De l'objectif de vaincre la violence et d'édifier une culture de paix découlent pour nos Eglises des défis spirituels, théologiques et pratiques qui touchent au coeur même de ce que signifie être l'Eglise. Le débat sur l'esprit et la logique de la violence sous tous leurs aspects a débuté, mais la voie que nous avons choisie exige de la persévérance et de l'endurance.

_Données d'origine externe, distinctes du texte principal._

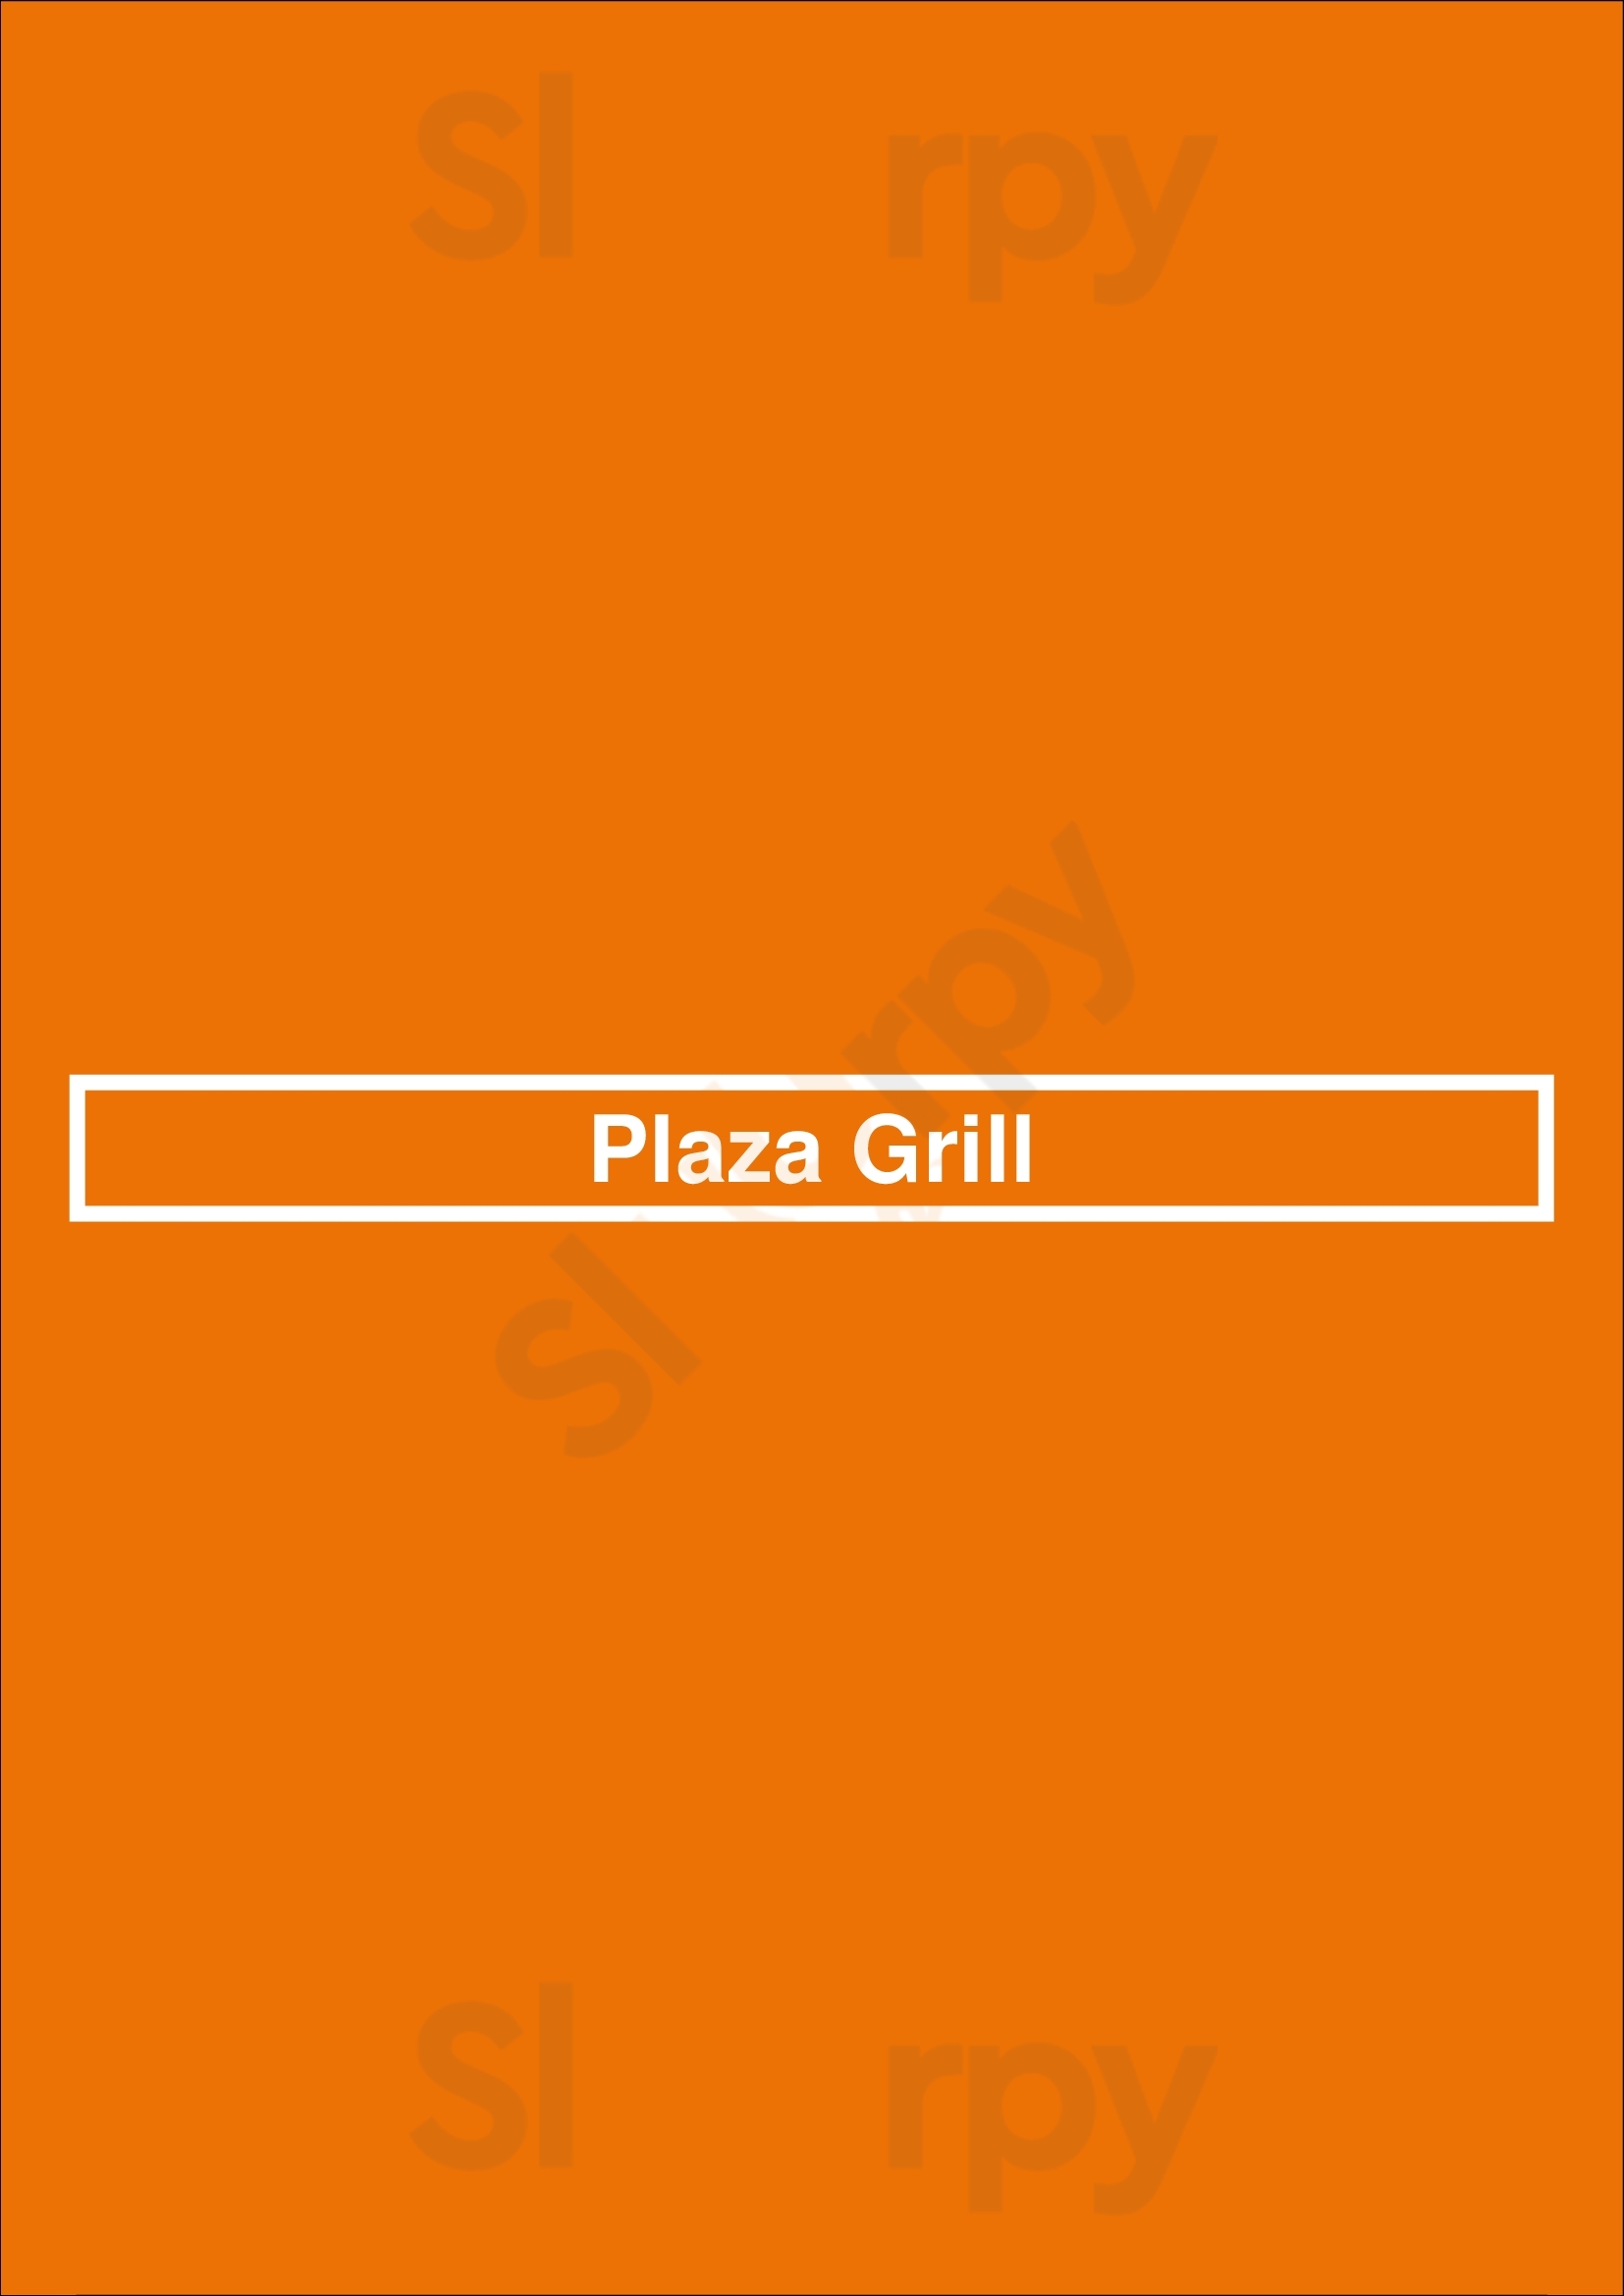 Plaza Grill Penafiel Menu - 1

Il est encourageant de constater que l'élan de la Décennie touche un nombre croissant d'Eglises et de régions. Des liens de solidarité oecuménique dans la quête de la réconciliation et de la paix ont été forgés et renforcés; de nouvelles initiatives ont été lancées dans le monde entier, de nouvelles alliances en faveur de l'édification de la paix ont été conclues, une nouvelle réflexion théologique est en cours et un nombre croissant de chrétiens redécouvrent la spiritualité de la non-violence.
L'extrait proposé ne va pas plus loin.